▶ Problem description:
For each line below that includes the word "avec", make a copy.

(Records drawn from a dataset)
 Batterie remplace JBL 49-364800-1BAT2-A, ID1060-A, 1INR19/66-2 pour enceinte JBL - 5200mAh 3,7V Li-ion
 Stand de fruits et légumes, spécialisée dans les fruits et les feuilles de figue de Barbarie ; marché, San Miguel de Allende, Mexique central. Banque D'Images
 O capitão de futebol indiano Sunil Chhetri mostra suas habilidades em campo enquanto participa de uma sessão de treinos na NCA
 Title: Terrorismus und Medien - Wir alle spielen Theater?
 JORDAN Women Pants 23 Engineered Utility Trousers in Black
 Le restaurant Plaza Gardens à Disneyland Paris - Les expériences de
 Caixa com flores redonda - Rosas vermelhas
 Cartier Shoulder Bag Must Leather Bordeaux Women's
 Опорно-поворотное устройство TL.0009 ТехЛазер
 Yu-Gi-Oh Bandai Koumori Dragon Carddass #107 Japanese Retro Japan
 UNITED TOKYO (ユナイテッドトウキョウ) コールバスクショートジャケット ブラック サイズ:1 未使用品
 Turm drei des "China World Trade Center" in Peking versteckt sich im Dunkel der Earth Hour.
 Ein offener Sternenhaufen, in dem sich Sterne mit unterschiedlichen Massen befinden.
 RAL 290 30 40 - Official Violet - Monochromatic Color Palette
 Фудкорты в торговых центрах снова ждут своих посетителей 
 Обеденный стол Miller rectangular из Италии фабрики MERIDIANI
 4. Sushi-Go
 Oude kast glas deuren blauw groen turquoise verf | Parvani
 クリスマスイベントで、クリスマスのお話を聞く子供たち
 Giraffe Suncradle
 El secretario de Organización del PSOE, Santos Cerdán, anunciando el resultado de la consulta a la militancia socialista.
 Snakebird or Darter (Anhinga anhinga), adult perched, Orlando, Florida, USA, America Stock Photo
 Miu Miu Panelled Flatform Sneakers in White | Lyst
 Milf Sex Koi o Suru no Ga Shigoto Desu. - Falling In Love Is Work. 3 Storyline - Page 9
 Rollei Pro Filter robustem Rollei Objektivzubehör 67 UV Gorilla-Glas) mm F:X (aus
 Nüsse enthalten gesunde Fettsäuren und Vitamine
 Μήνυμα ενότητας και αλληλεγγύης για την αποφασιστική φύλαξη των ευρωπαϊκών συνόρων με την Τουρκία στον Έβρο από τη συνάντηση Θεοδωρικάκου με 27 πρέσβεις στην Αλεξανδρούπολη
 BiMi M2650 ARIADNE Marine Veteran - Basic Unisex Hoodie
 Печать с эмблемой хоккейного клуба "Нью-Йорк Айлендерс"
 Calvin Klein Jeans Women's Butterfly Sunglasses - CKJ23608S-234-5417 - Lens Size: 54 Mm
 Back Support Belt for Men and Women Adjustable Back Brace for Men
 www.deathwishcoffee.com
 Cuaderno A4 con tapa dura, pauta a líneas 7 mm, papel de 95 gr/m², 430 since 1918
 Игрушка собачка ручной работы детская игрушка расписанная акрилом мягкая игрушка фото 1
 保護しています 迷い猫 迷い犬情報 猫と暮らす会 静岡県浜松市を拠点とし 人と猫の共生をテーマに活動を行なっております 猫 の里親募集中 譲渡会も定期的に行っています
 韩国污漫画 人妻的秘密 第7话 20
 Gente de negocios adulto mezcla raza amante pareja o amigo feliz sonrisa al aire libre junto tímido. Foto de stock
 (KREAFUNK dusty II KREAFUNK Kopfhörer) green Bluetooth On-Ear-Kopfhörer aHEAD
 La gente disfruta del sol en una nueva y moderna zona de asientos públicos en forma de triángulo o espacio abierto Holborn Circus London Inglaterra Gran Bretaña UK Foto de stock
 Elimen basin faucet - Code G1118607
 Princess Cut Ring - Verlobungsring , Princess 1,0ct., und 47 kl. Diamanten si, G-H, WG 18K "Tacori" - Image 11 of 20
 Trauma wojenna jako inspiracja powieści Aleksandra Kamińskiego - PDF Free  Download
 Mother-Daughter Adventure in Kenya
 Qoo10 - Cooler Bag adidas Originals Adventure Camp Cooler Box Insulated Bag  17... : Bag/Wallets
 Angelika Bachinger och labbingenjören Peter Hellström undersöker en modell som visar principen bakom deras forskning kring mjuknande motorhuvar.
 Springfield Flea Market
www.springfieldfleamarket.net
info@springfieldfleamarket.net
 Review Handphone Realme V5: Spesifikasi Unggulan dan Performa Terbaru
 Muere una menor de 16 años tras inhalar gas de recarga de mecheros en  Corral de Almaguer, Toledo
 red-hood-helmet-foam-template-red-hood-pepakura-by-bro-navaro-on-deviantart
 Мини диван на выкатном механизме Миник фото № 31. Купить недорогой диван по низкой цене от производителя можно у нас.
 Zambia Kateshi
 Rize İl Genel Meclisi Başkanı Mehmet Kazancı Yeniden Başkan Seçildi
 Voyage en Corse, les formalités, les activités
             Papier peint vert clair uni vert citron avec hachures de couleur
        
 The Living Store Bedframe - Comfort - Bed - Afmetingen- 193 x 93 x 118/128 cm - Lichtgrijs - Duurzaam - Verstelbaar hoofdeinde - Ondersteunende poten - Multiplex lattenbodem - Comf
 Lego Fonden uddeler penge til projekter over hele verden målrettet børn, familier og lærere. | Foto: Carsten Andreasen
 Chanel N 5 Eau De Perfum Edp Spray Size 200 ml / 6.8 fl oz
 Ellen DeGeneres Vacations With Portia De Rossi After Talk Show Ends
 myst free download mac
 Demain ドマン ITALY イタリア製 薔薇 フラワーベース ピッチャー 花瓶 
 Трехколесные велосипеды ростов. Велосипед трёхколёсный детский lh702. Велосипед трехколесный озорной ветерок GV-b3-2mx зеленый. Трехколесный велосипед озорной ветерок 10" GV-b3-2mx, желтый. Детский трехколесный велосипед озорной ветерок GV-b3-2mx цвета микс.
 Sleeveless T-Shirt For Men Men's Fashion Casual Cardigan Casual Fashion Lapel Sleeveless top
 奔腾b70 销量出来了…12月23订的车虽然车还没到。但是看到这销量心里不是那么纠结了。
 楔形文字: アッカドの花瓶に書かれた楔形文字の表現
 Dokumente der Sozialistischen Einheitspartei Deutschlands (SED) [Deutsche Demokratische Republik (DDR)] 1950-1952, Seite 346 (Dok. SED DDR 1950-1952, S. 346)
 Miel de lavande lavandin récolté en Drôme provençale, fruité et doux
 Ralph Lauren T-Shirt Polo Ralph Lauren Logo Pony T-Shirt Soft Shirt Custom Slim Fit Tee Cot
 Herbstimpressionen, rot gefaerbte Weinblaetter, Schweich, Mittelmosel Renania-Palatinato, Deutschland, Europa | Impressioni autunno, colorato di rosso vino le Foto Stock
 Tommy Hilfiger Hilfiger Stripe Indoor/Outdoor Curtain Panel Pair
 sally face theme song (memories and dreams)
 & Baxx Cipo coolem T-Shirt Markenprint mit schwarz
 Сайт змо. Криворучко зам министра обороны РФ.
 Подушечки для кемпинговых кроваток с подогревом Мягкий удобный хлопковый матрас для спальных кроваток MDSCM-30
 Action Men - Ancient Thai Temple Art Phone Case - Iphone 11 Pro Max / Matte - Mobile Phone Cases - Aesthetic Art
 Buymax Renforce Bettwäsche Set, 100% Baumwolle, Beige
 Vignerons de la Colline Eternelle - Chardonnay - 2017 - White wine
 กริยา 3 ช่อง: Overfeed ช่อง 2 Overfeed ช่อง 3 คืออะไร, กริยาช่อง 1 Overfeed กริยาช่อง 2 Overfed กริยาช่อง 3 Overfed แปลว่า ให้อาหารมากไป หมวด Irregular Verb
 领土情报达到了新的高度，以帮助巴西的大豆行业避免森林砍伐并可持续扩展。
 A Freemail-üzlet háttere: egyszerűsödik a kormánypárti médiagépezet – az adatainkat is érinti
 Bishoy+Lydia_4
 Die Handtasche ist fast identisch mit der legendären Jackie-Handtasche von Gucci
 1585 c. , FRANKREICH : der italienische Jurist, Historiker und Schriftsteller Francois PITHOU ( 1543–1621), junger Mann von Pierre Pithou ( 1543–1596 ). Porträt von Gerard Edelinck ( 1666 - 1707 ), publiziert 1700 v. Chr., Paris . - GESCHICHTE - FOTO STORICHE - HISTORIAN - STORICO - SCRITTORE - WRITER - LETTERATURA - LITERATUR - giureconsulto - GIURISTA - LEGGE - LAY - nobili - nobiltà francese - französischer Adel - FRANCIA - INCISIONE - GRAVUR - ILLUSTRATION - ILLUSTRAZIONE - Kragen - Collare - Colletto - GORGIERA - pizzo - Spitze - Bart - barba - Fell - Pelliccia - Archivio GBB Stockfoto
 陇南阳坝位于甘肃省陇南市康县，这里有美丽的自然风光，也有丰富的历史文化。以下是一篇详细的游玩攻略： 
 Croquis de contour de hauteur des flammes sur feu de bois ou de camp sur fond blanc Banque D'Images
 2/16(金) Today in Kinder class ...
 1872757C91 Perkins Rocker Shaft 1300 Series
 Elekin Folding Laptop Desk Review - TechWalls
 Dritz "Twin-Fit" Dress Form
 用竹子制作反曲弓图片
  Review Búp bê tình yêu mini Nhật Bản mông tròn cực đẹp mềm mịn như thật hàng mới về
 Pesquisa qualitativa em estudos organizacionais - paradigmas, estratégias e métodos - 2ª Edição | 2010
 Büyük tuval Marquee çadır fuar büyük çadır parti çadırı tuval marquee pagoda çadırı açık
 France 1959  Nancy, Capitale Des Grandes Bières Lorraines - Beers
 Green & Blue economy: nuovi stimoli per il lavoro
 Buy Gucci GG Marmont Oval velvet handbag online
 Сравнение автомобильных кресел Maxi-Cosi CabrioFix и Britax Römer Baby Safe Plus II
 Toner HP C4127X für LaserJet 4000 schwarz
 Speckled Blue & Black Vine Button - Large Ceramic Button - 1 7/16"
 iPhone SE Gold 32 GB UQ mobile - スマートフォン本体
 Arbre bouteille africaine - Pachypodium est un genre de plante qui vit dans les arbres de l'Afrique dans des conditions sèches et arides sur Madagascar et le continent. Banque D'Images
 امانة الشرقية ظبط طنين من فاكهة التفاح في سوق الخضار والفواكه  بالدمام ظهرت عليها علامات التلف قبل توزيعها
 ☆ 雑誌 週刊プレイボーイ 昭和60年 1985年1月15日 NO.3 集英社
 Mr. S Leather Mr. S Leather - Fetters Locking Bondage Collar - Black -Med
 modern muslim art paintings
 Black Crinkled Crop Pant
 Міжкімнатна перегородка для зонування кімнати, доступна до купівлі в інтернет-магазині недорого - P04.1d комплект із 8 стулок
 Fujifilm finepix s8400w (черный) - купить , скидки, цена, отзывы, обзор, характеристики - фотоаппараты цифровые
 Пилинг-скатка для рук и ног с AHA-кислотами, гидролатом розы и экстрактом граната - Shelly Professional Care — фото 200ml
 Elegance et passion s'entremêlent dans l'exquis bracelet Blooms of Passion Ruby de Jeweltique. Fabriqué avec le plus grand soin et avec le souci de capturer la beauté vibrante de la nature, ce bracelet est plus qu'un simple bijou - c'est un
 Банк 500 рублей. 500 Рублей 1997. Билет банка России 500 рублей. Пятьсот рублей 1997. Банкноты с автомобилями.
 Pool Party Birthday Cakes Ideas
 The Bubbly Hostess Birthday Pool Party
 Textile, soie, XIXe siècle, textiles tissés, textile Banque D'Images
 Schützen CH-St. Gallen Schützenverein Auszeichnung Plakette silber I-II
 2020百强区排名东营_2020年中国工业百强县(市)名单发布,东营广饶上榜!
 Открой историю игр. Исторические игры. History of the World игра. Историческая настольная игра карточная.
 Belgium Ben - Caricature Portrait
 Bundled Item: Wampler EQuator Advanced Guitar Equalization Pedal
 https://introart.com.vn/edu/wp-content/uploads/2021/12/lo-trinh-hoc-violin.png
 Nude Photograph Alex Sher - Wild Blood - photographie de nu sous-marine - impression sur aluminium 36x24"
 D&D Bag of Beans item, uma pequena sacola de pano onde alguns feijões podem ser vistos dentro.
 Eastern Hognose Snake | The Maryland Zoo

▶ Expected answer:
             Papier peint vert clair uni vert citron avec hachures de couleur
 Elegance et passion s'entremêlent dans l'exquis bracelet Blooms of Passion Ruby de Jeweltique. Fabriqué avec le plus grand soin et avec le souci de capturer la beauté vibrante de la nature, ce bracelet est plus qu'un simple bijou - c'est un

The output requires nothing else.